■ **What needs to be done**: Transcribe, word for word and without additions, each line below from the one containing "The Analysis of" through the one containing "Dutch defence minister", both ends included.

■ **Given records**:
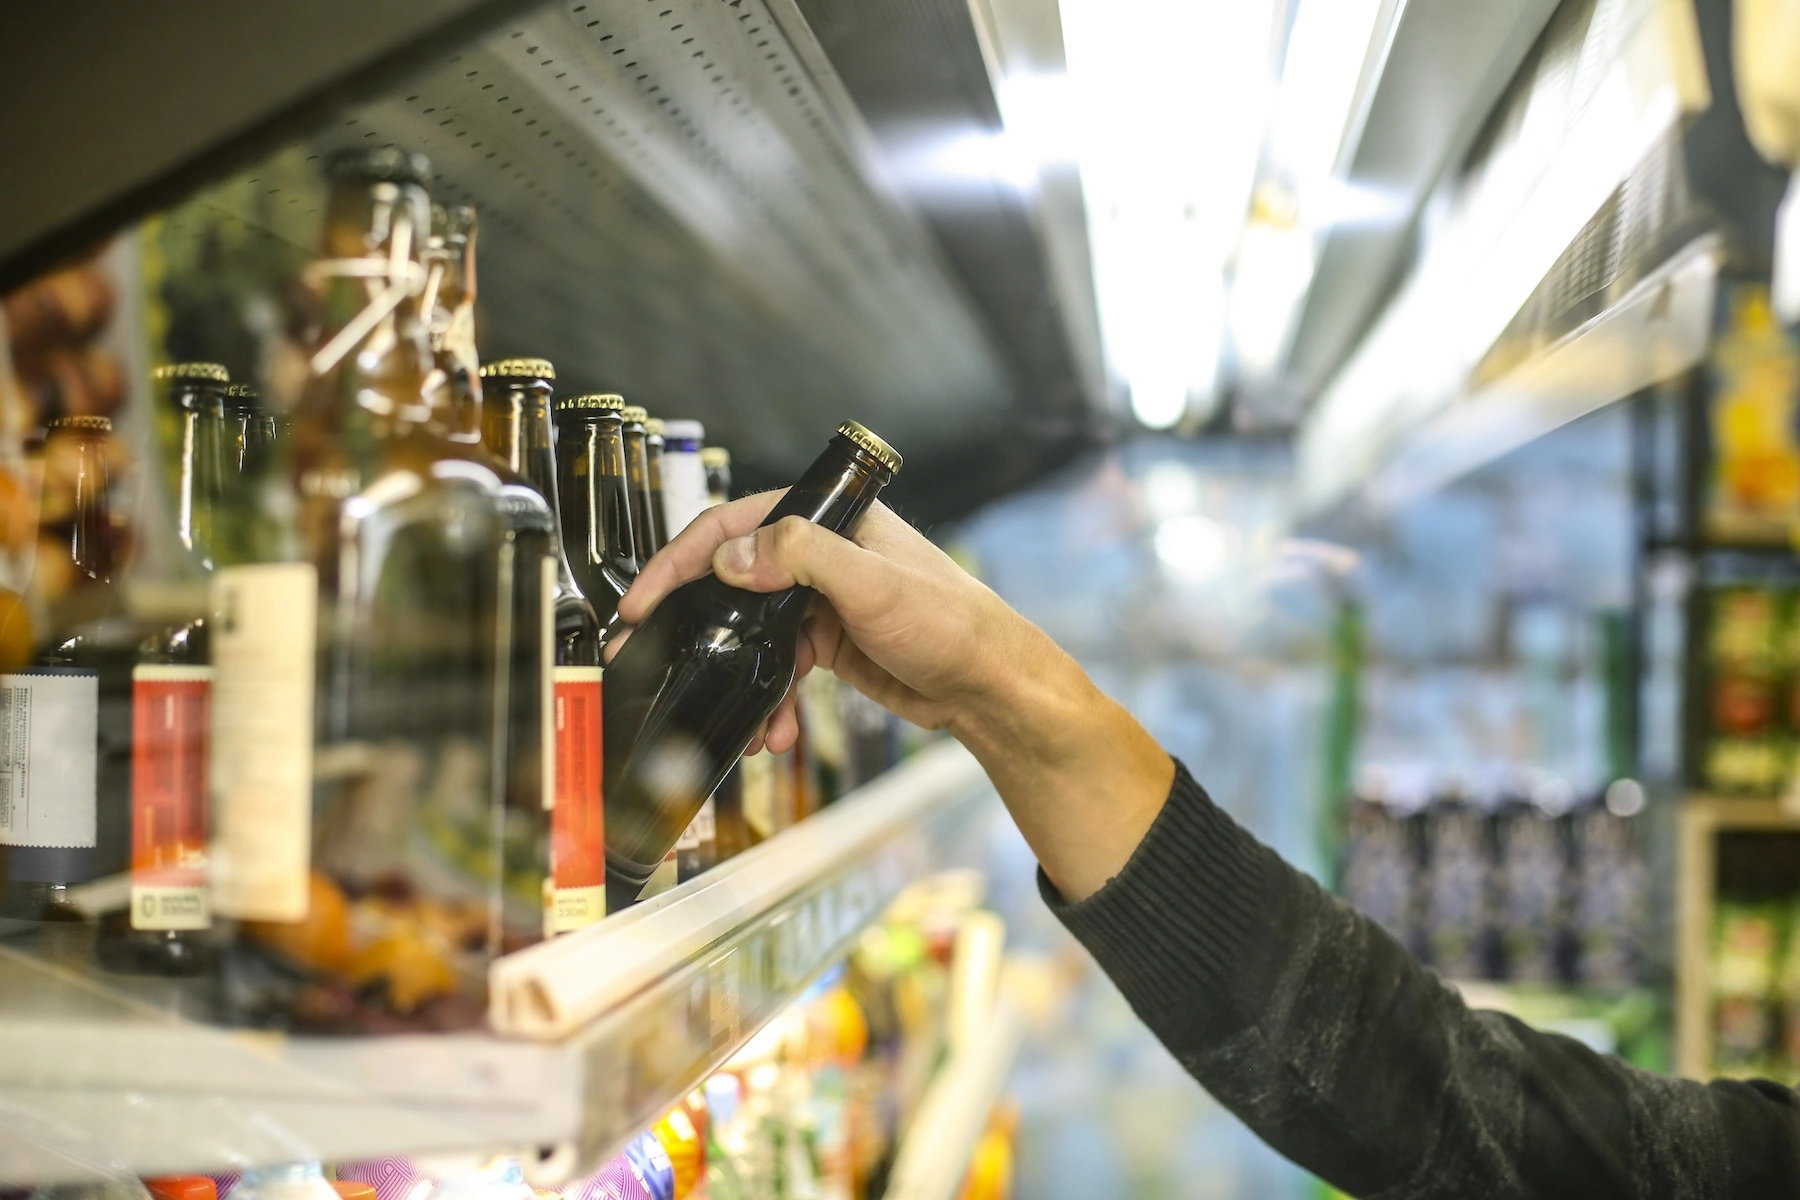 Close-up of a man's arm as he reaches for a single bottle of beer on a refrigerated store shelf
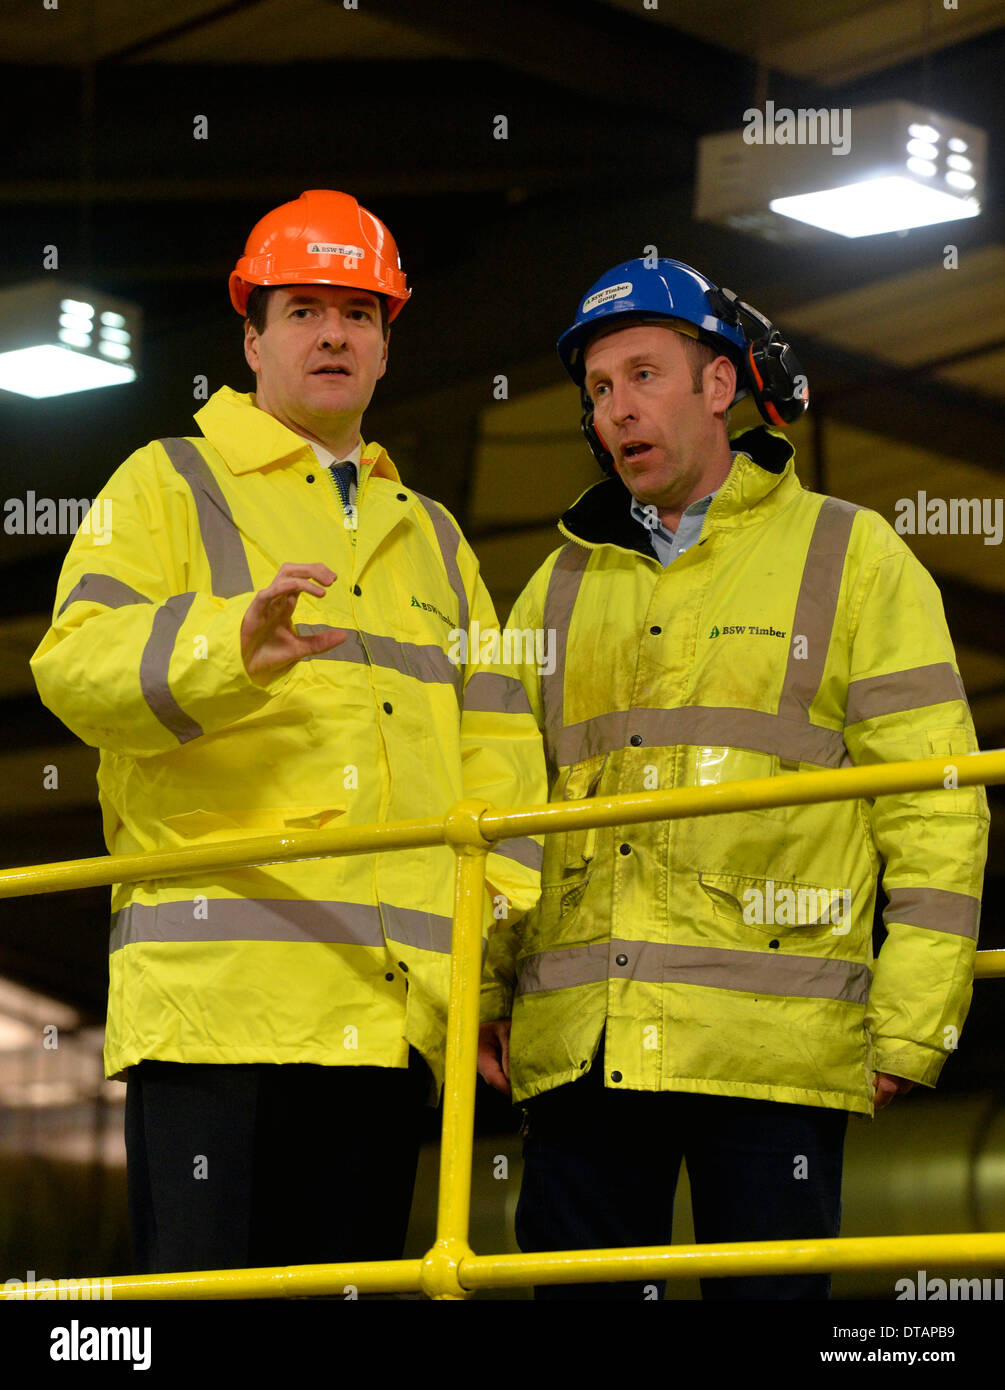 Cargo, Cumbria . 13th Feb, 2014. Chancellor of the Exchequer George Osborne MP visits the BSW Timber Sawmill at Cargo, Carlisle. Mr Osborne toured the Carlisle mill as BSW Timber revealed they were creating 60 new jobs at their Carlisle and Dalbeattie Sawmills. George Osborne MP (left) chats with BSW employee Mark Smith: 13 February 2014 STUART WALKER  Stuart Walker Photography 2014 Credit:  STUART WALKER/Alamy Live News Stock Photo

...

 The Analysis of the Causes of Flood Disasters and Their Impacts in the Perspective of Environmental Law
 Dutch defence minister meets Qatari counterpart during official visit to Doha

■ **Answer section**:
 The Analysis of the Causes of Flood Disasters and Their Impacts in the Perspective of Environmental Law
 Dutch defence minister meets Qatari counterpart during official visit to Doha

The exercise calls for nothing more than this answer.